Your assignment: Exactly the lines below, starting with the one containing "ロンカート スーツケース 5072" and going on through the one containing "OS_4564] Carrier Heat", must be reproduced, both ends included, and no pictures with them.

** Supplied records follows **

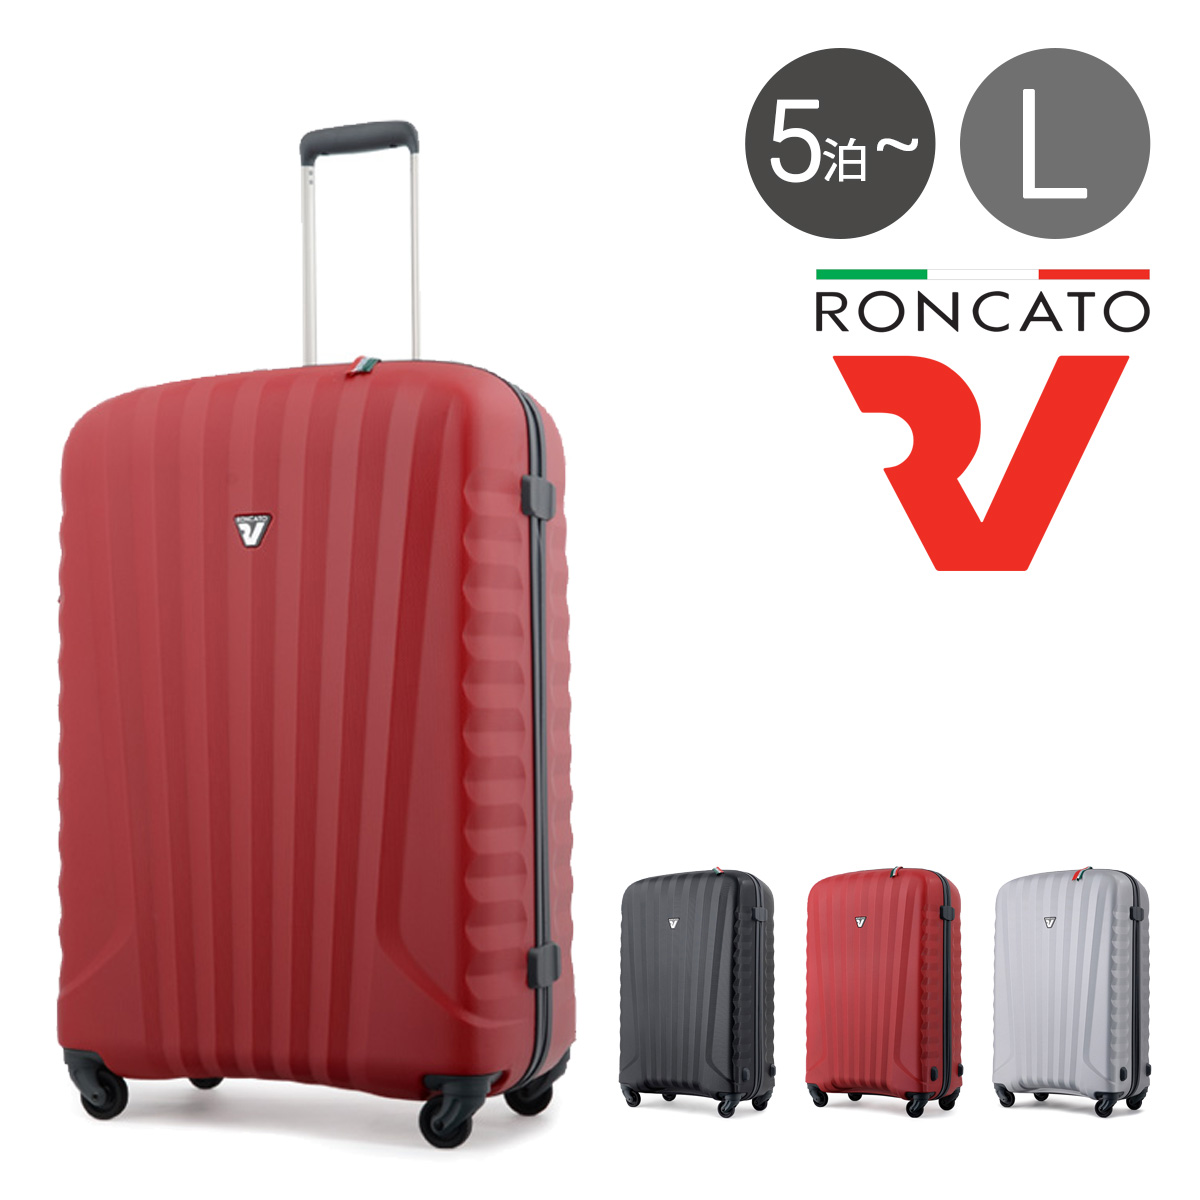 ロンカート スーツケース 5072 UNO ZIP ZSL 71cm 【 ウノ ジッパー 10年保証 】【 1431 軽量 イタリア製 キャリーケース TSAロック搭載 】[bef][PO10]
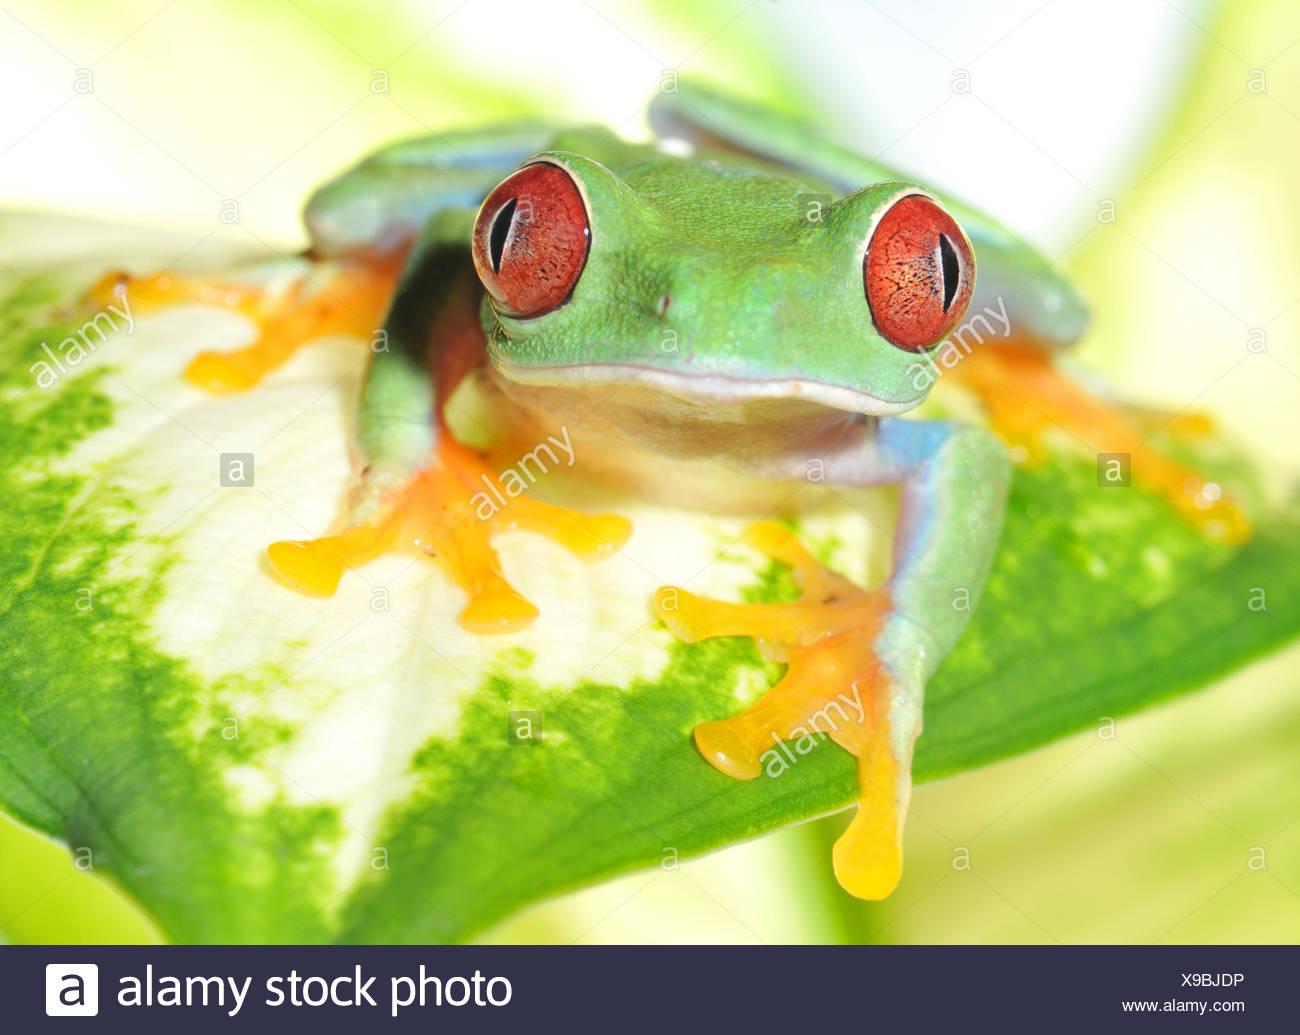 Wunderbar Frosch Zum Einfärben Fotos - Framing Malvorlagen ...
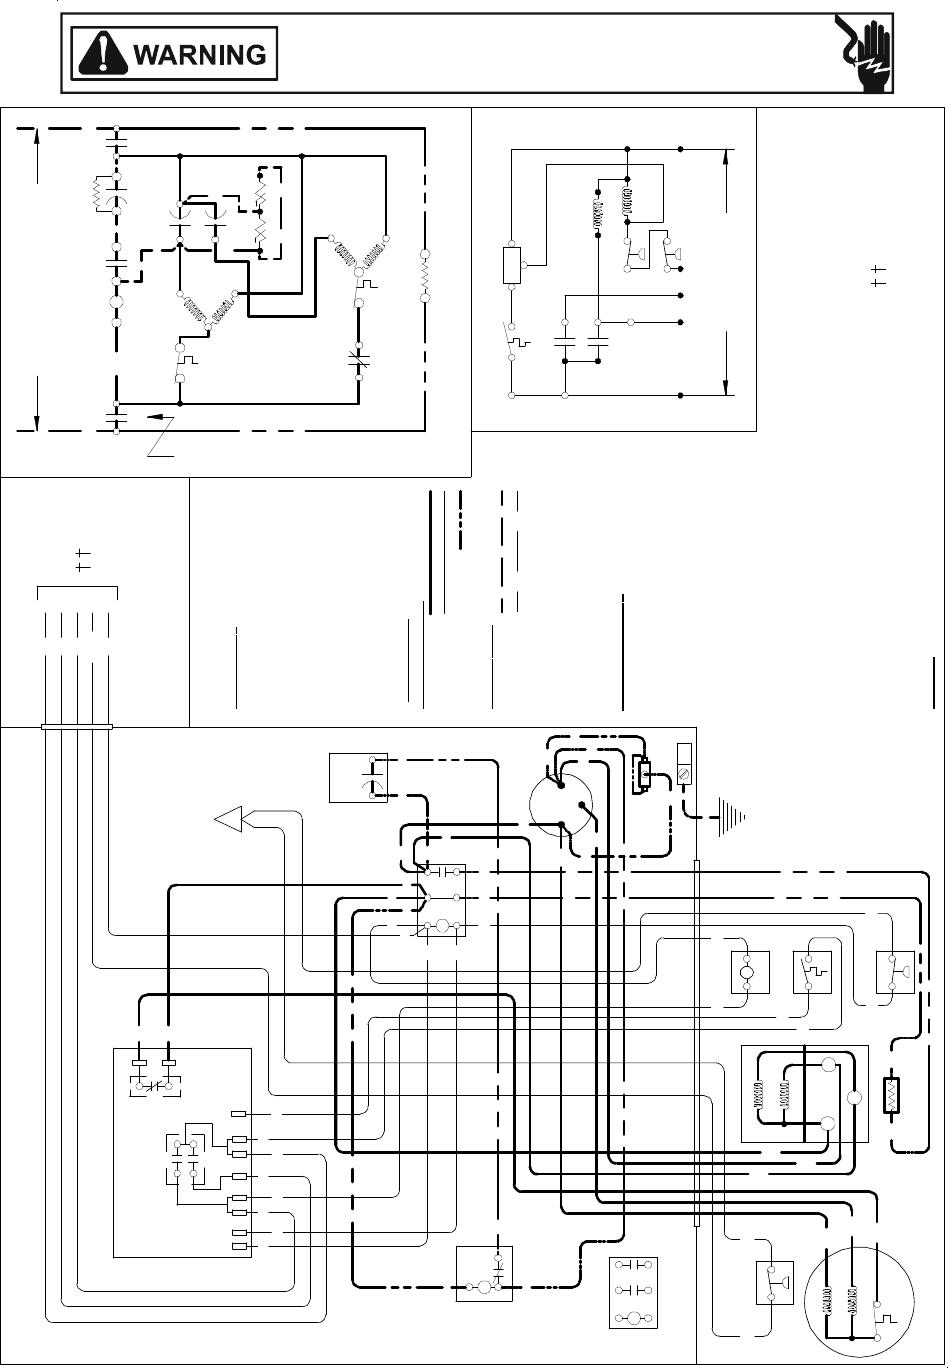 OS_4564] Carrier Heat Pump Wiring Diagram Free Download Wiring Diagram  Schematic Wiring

** End of Supplied records **
** Supplied records follows **

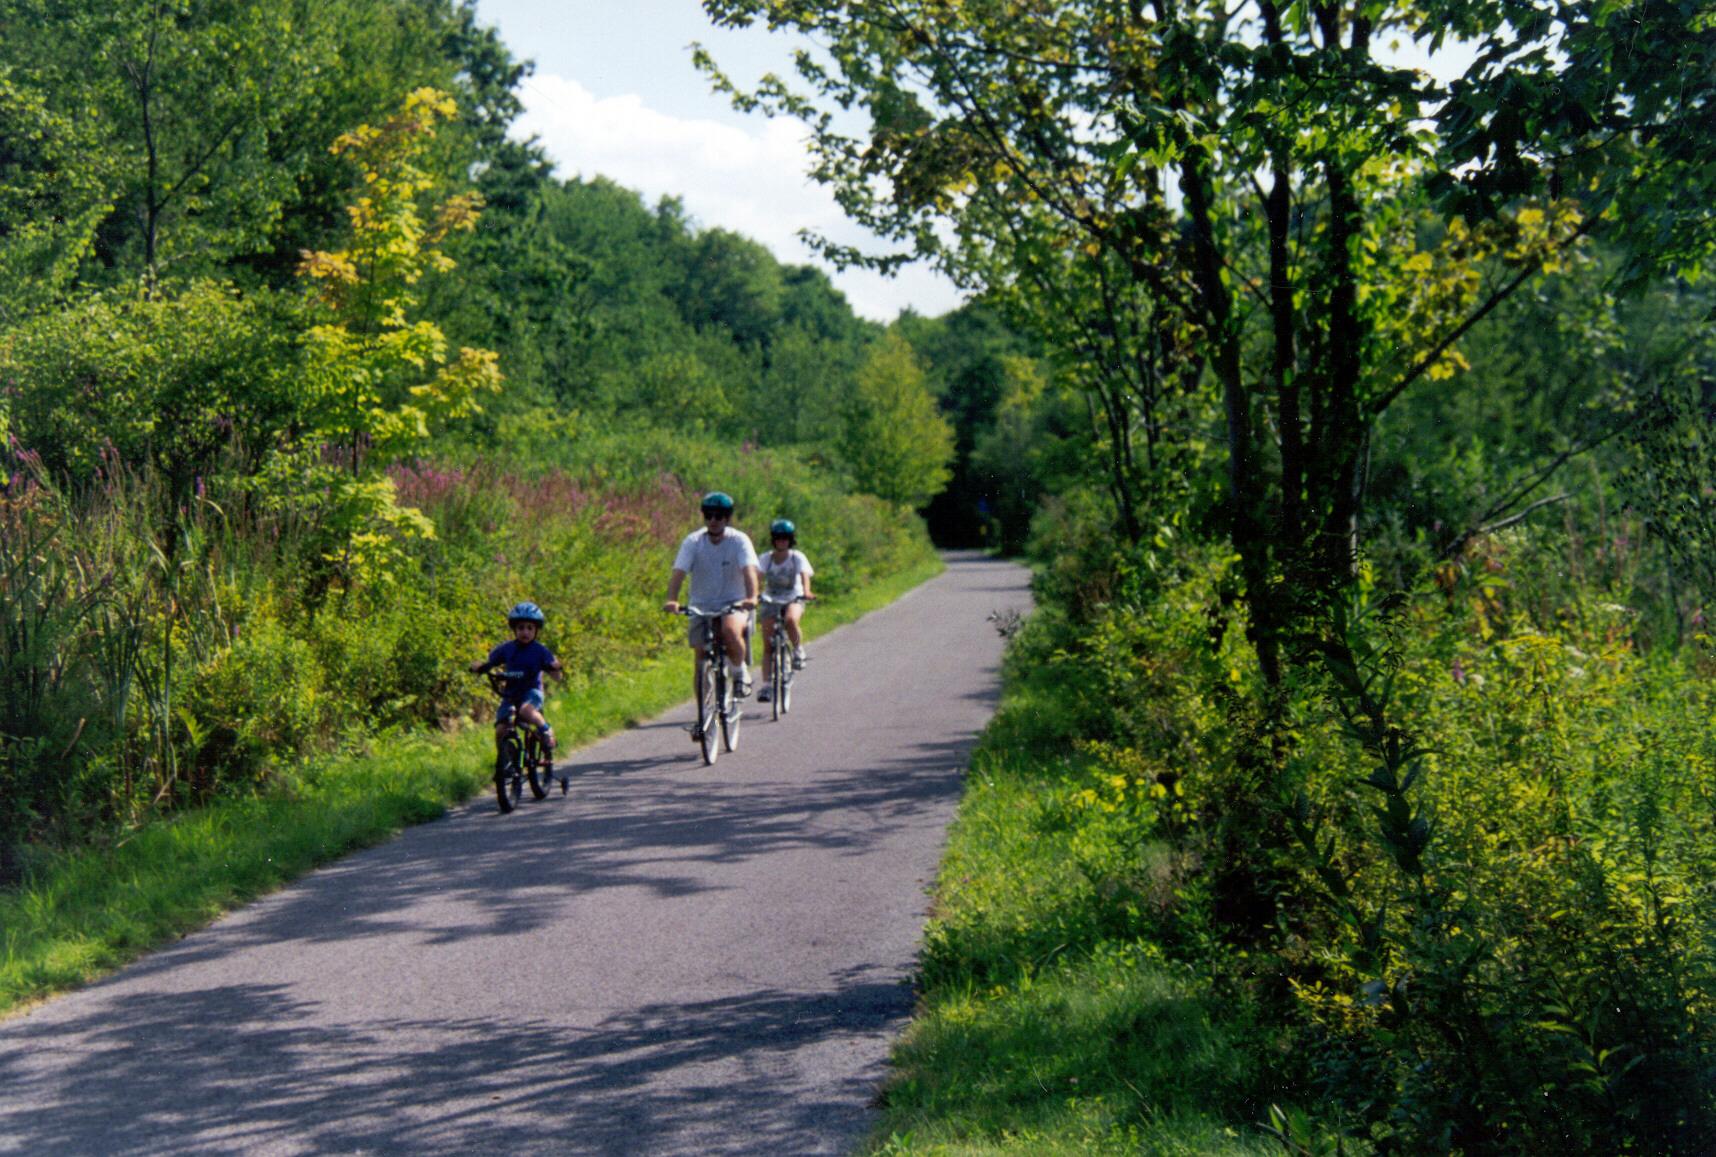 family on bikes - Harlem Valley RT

** End of Supplied records **
** Supplied records follows **

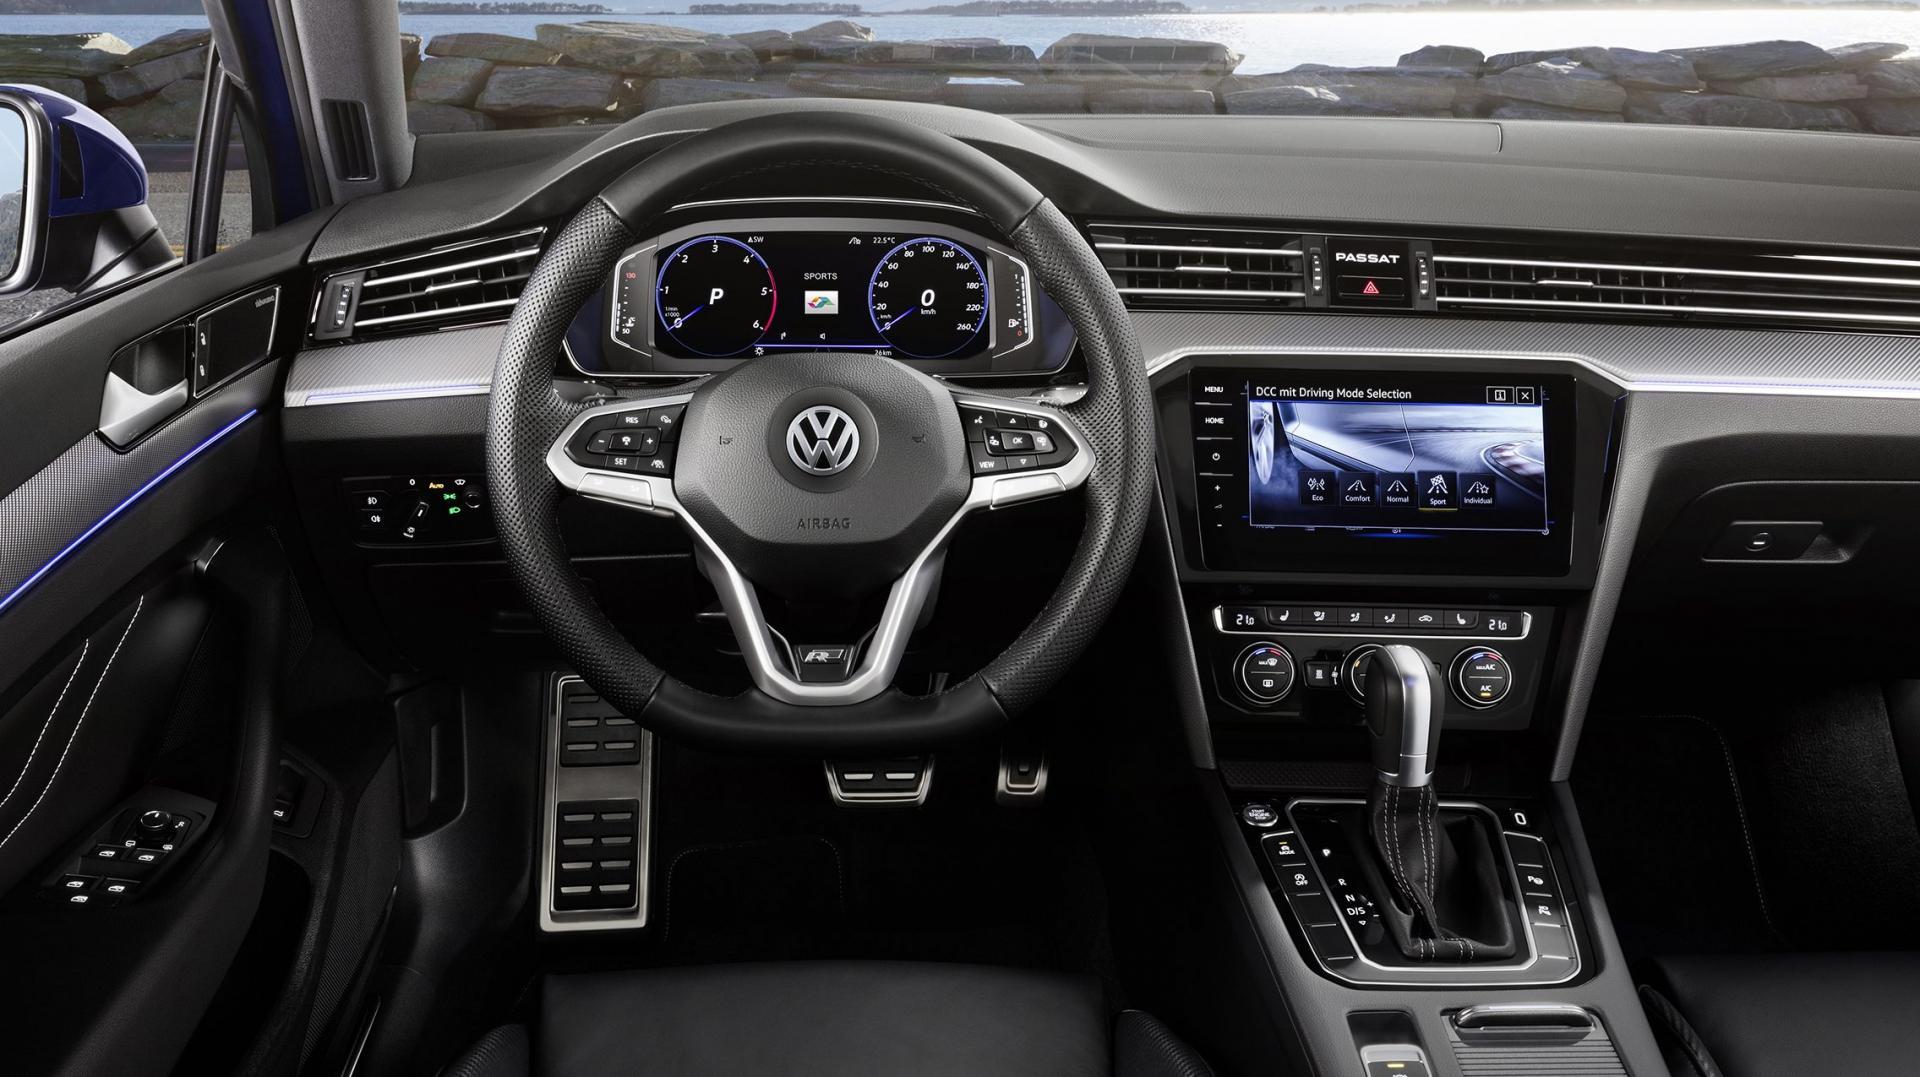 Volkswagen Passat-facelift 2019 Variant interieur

** End of Supplied records **

Exercise output:
 ロンカート スーツケース 5072 UNO ZIP ZSL 71cm 【 ウノ ジッパー 10年保証 】【 1431 軽量 イタリア製 キャリーケース TSAロック搭載 】[bef][PO10]
 Wunderbar Frosch Zum Einfärben Fotos - Framing Malvorlagen ...
 OS_4564] Carrier Heat Pump Wiring Diagram Free Download Wiring Diagram  Schematic Wiring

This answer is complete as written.